PROMPT :: Would you repeat the listing exactly, without any of its images?

[THE DATA]

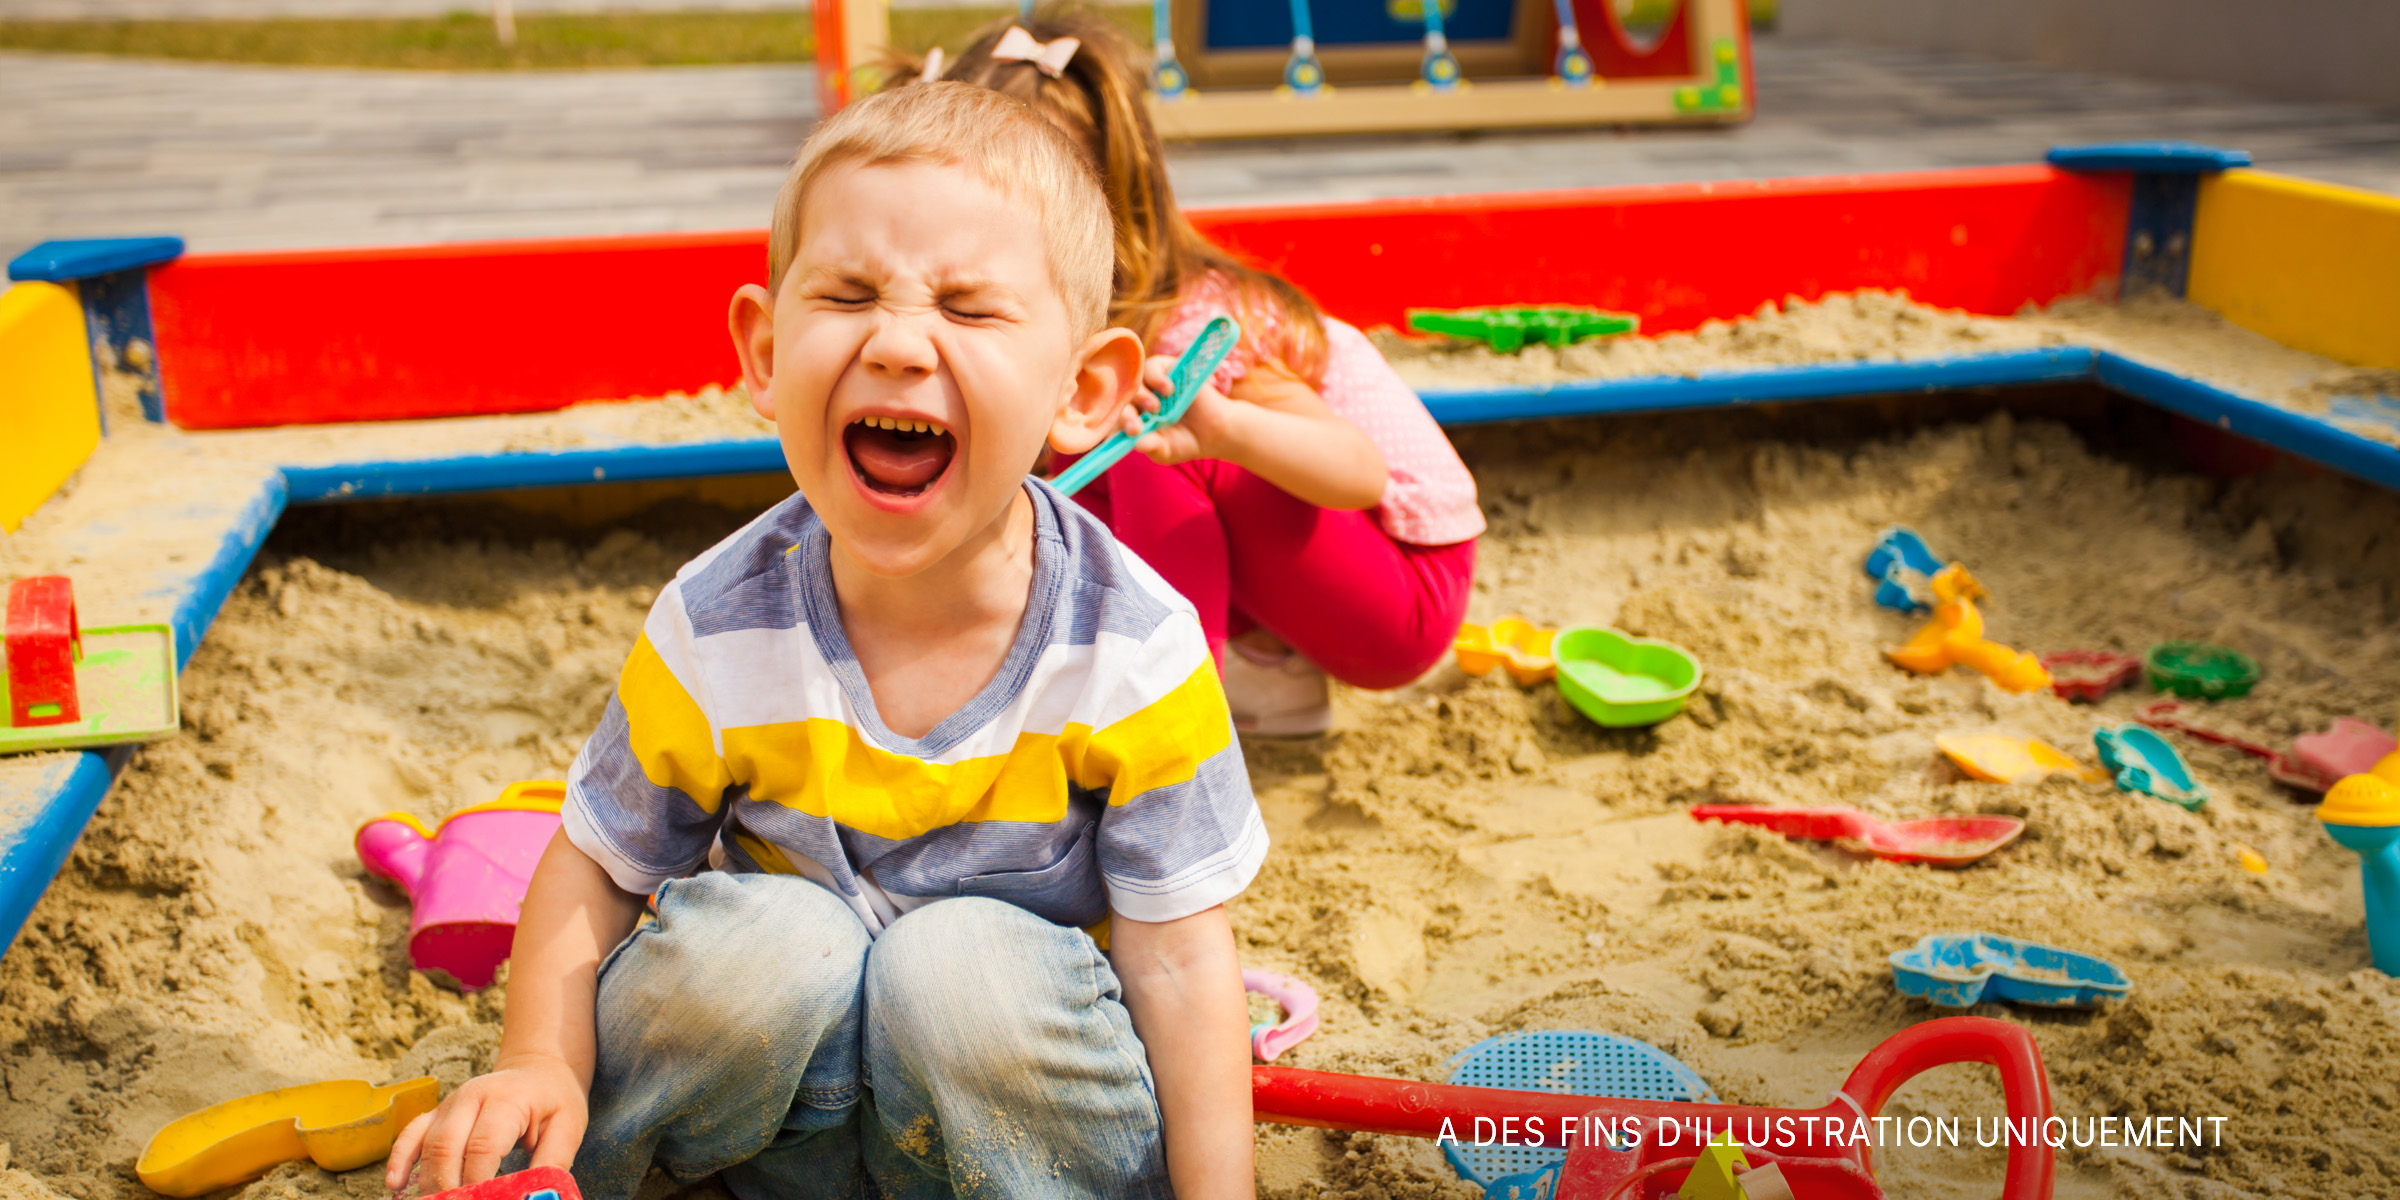 Un petit garçon jouant dans un bac à sable | Source : Shutterstock
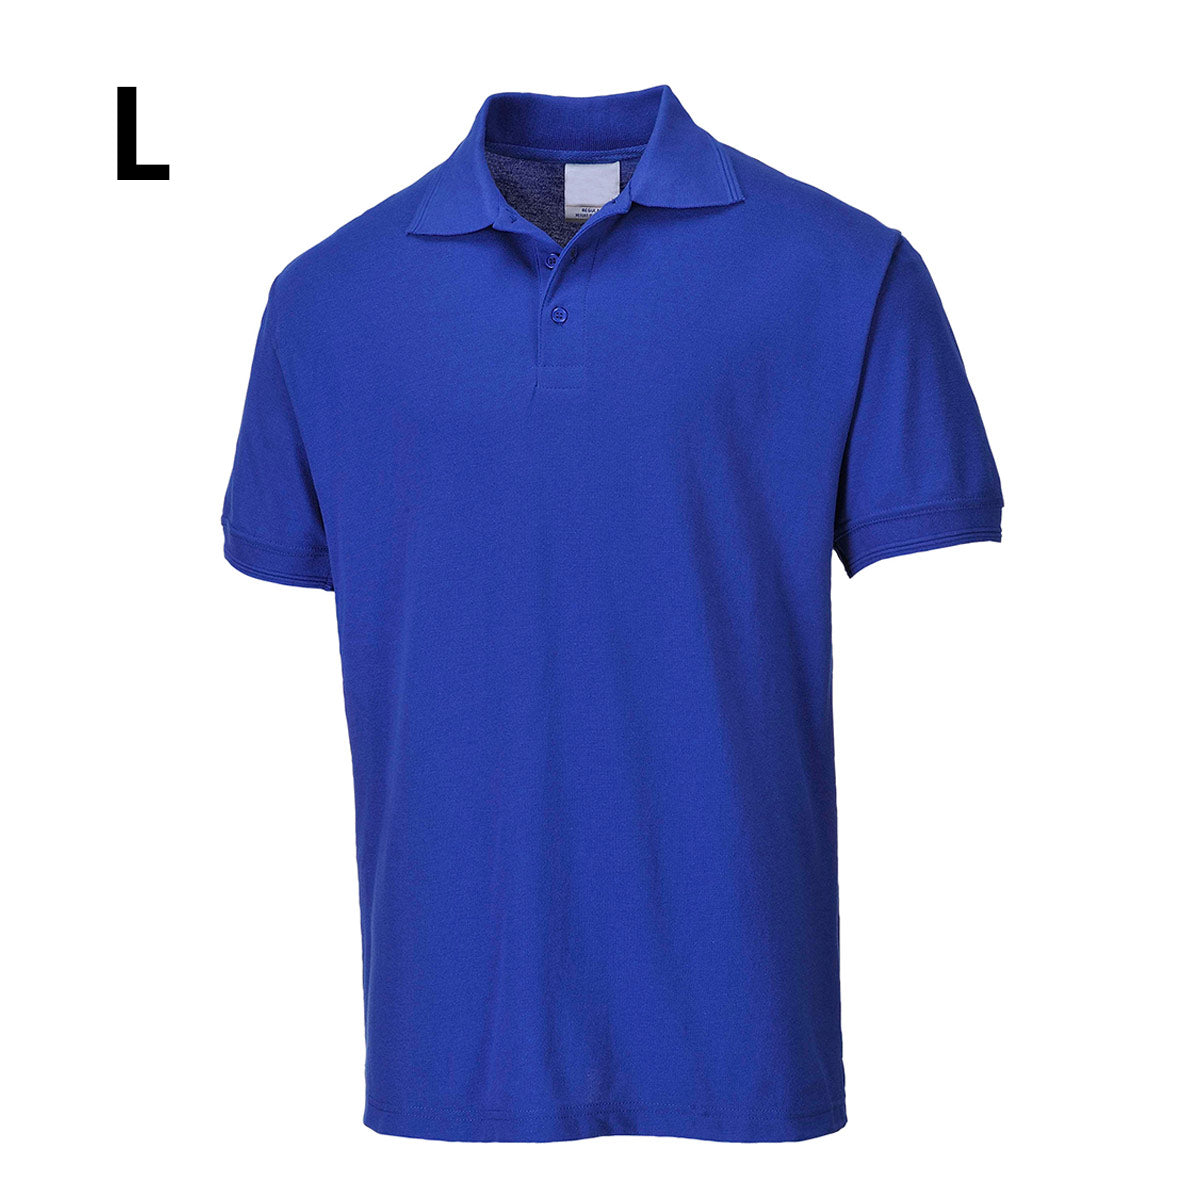 Poloskjorte for menn - kongeblå - størrelse: L
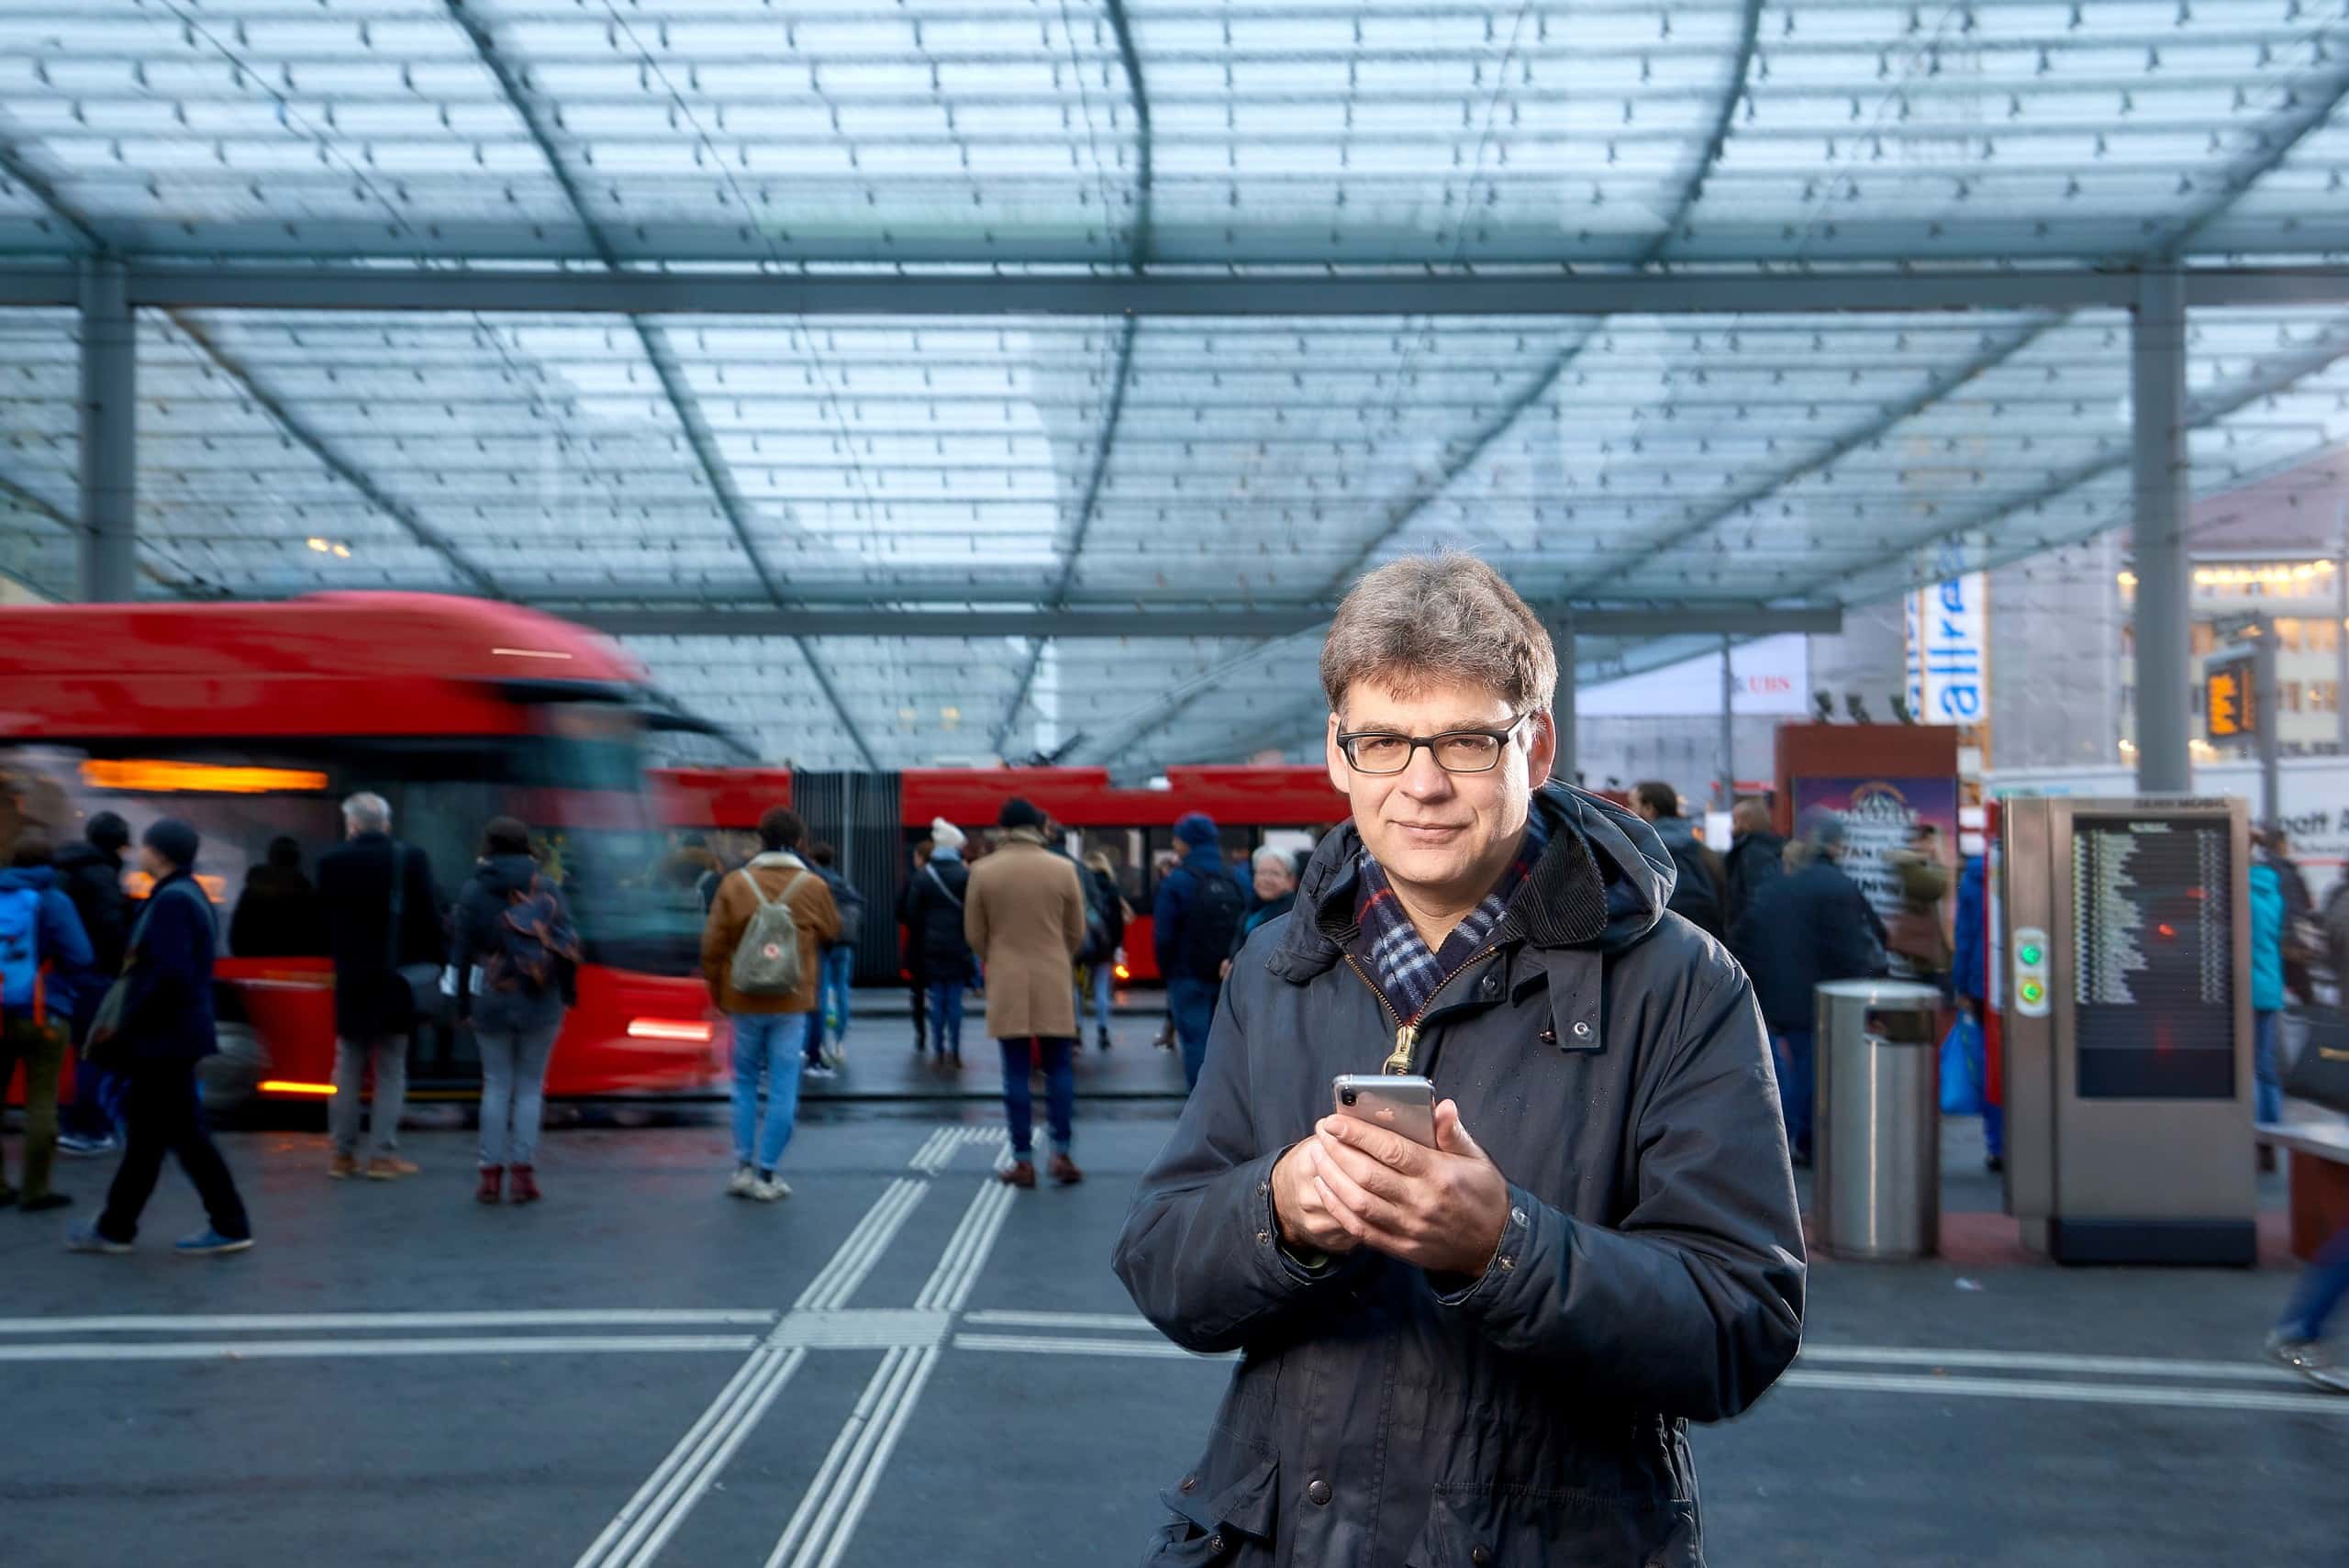 Gian Mattia Schucan, Gründer und Co-Vorstand von Fairtiq, träumte von ticketlosen Bahnfahrten. Bildquelle: Fairtiq

[/THE DATA]

WRITTEN REPLY ::
 Un petit garçon jouant dans un bac à sable | Source : Shutterstock
 Poloskjorte for menn - kongeblå - størrelse: L
 Gian Mattia Schucan, Gründer und Co-Vorstand von Fairtiq, träumte von ticketlosen Bahnfahrten. Bildquelle: Fairtiq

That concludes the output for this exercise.